- Theatrical release poster
- Directed by: Mark Tonderai
- Written by: Mark Tonderai
- Produced by: Mark Herbert Zoe Stewart Colin Pons Robin Gutch
- Starring: Will Ash Christine Bottomley
- Cinematography: Philipp Blaubach
- Edited by: Victoria Boydell
- Music by: Theo Green
- Production companies: Warp X Film4 Pathé Screen Yorkshire UK Film Council FearFactory
- Distributed by: Optimum Releasing
- Release dates: 15 August 2008 (Berlin Fantasy Filmfest); 13 March 2009 (United Kingdom);
- Running time: 91 minutes
- Country: United Kingdom
- Language: English
- Budget: £1 million
- Box office: $288,667 (worldwide)

= Hush (2008 film) =

Hush is a 2008 British horror film directed by Mark Tonderai in his directorial debut. It stars William Ash and Christine Bottomley. It is about a young couple on a motorway journey who are drawn into pursuit of a truck that appears to be involved in kidnapping women.

The film was produced by Warp X and Shona Productions. UK Film Council and Film4 supplied the funding for the film. The film was distributed by Optimum Releasing.

==Plot==
Zakes and his girlfriend Beth are travelling along the M1 motorway at night, bickering over their strained relationship. While Beth is asleep, a truck overtakes Zakes and its tailgate momentarily slides up, revealing a naked woman, bound and bloodied in a cage, screaming for help. He calls the police but cannot provide a number plate as it is covered in dirt.

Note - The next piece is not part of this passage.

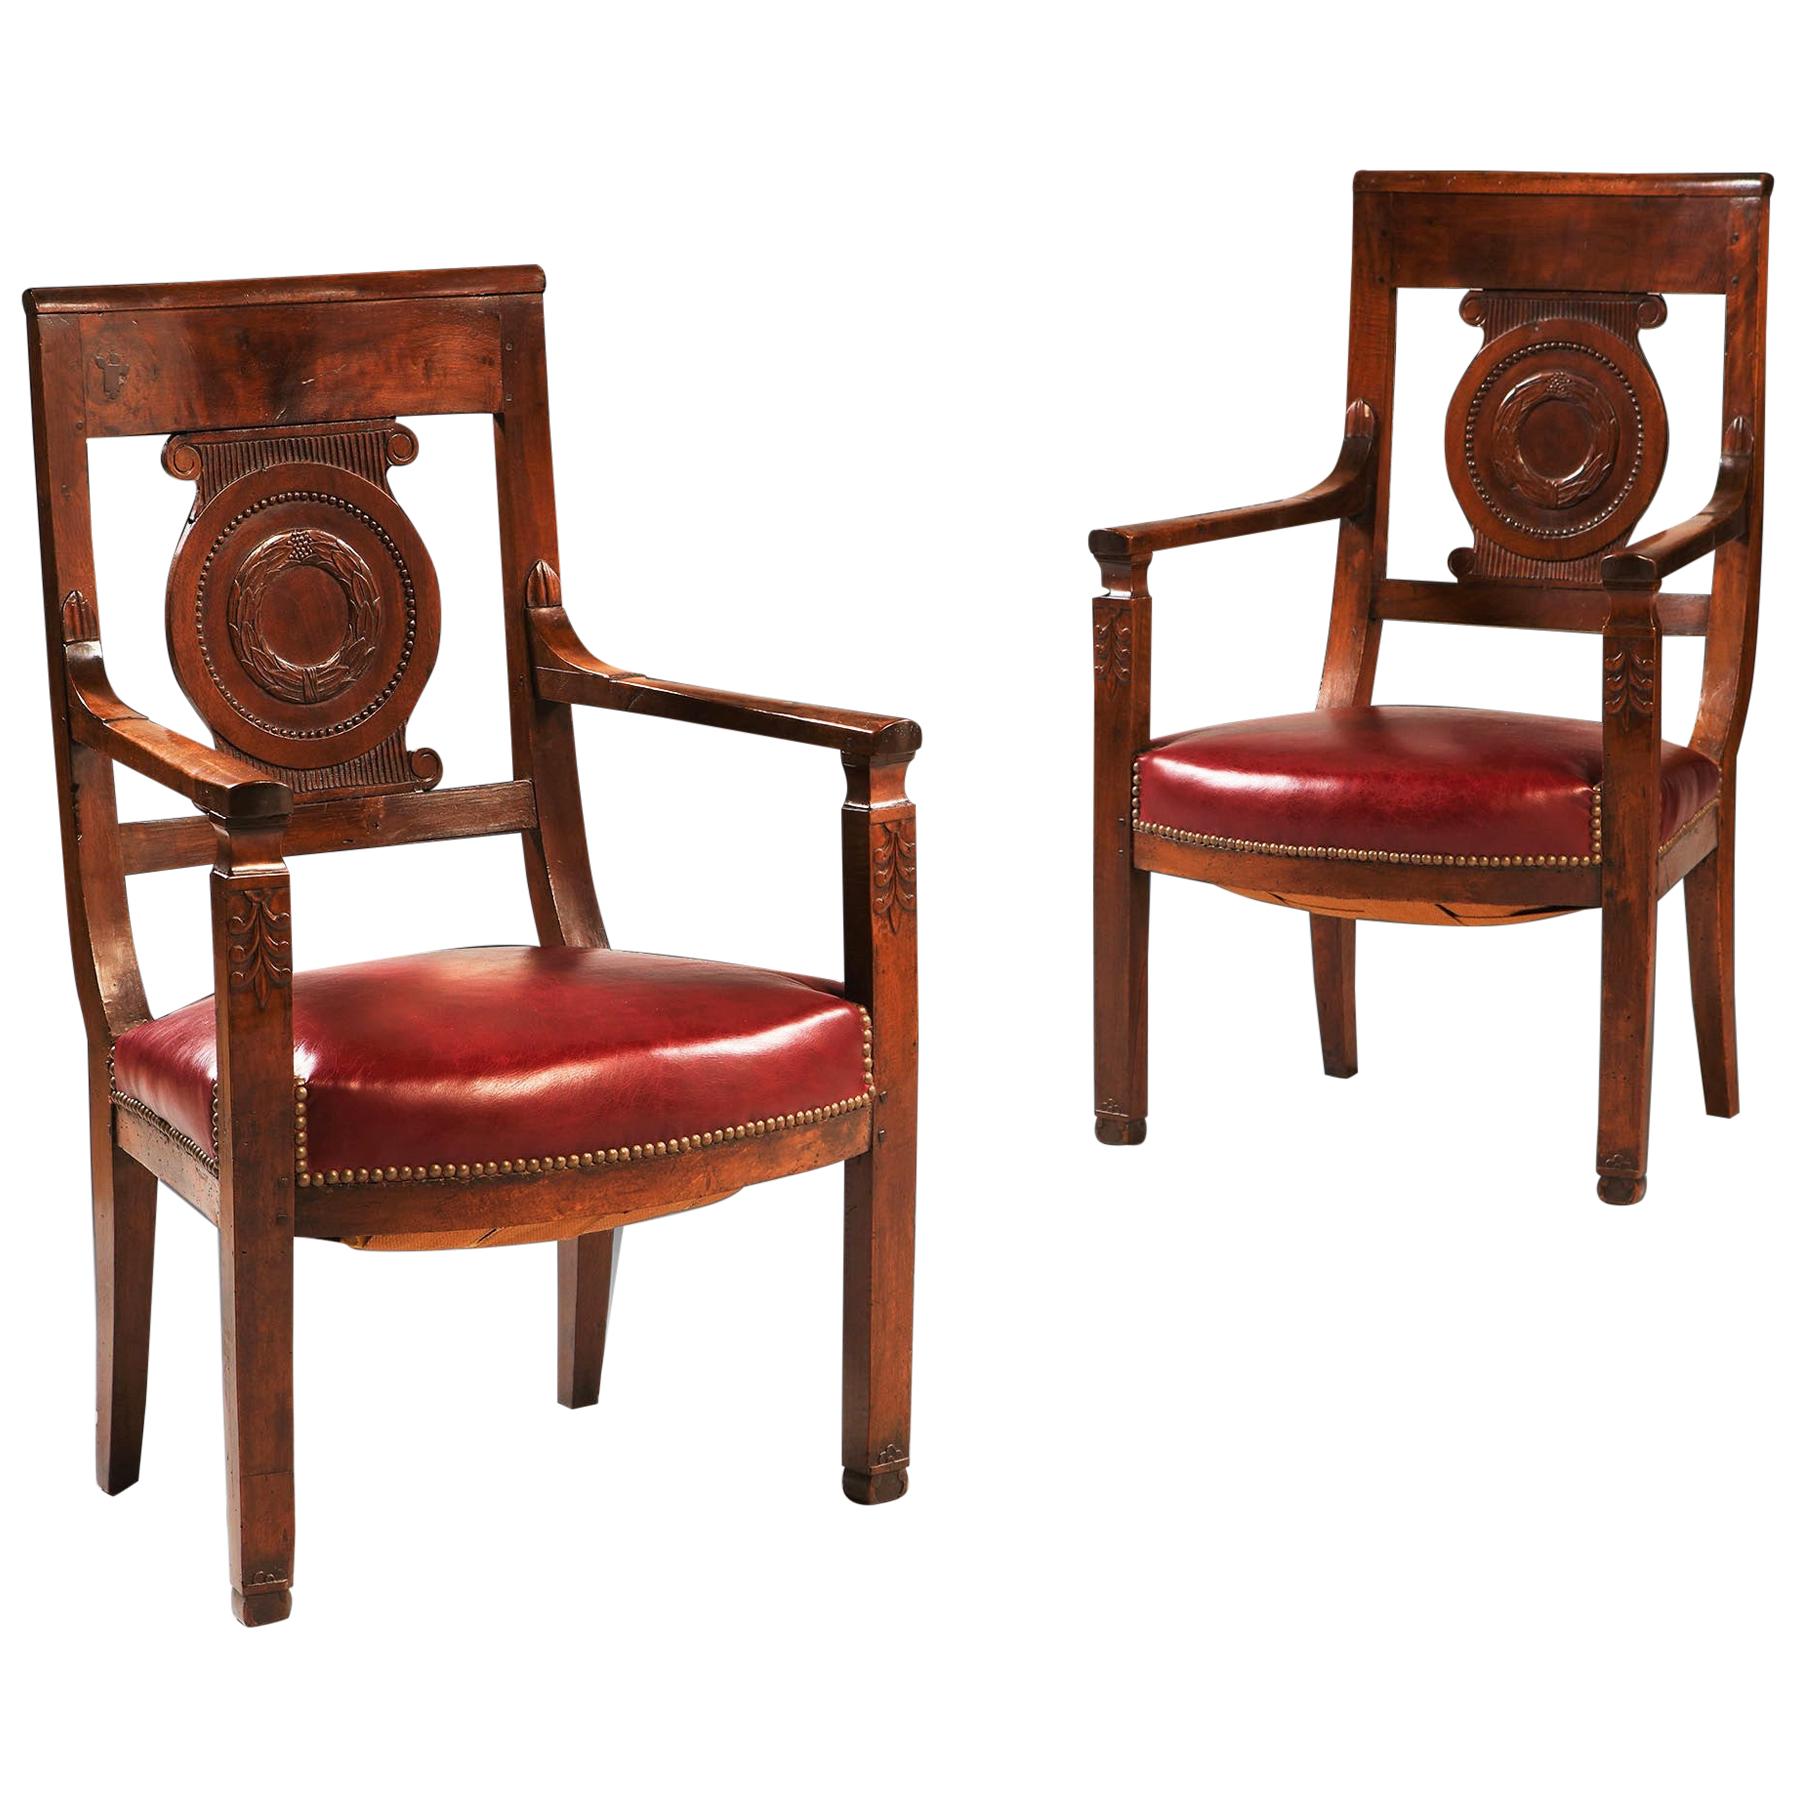 19th Century French Empire Mahogany Brown Wood Fauteuils or Armchairs Red, Pair

Zakes follows the truck and manages to slide his hand under the tailgate to take a photograph using Beth's mobile phone. It appears to be nothing more than a white blur from the flash but Zakes later suspects it could be a hand. Zakes eventually loses the truck, making Beth furious, claiming he never takes responsibility for anything.

They stop at a service station; Beth ends their relationship and says she will find her own way home. Back at the car, Zakes sees the truck pull up, and watches a man in a hooded jacket go inside. Zakes follows to try and find Beth, but she is nowhere to be seen. He alerts two security men about her disappearance, but they do not believe him. Zakes later finds Beth's necklace in the car park. Believing she has been taken by the man in the truck, he decides to follow it, but upon returning to his car, finds his tyre has been punctured by rowdy football fans. Zakes steals a car from a woman getting fuel at the station.

Meanwhile, a security guard decides to look through the CCTV footage. He sees Beth entering the station by herself and leaving through the back door with a man in a hooded jacket. He is then killed by the other security guard, who is connected with the kidnappings. Zakes follows the truck to a site that is full of identical white trucks. A police officer arrives and arrests Zakes, believing he is trespassing. Zakes begs him to check all of the vehicles before they go. While doing this, the officer is killed by the hooded man.

Zakes escapes from the police car and flees back to his car. A distraught woman then appears claiming she has been kidnapped. He lets her in and drives to a nearby house to call for help. The elderly couple living there invite them in; the bloodied woman offers to call the police but cuts the phone line beforehand, revealing she too is part of the plan. She cuts the power in the house, kills the couple and attacks Zakes. He wakes up with his hands nailed to the floorboards. When he gets free, a fight ensues; Zakes overpowers the woman and kills her by stabbing her in the eye with one of the nails.

Zakes returns to the truck site and finds Beth chained up in a cage outside. She says the keys are with the man who is showering inside. Zakes goes inside and finds other women locked up and gagged; they are being used for human trafficking. Zakes retrieves the keys and returns to Beth to help her escape first, but they hear the man coming and Zakes is forced to flee. A cat-and-mouse game begins when he realises Zakes is hiding on the site somewhere. He calls the woman's phone, which Zakes has on him, and follows the ring to where he is. However, Zakes has left the phone on the seat in an empty truck and is hiding in the forklift nearby. When the man steps into the right spot, Zakes pushes a button and the crane releases a load onto the attacker, killing him.

One year later, at a service station, a man picks out a book titled Traffic, a non-fiction novel written by Zakes based on the events that he and Beth experienced. The driver is the security guard who earlier killed his partner. He purchases the book, goes out to his truck (one identical to the killers' truck) and drives off.

== Reception ==
Peter Bradshaw wrote in The Guardian that Hush was "a broad, trashy but entertaining horror thriller that makes the most of a limited budget and locations". Laurence Phelan wrote in The Independent that "Although this debut kidnap-thriller's small budget sometimes shows, it is effective nonetheless, and gets good mileage from the eerie unpleasantness of its setting: night-time in and around the service stations of the M1."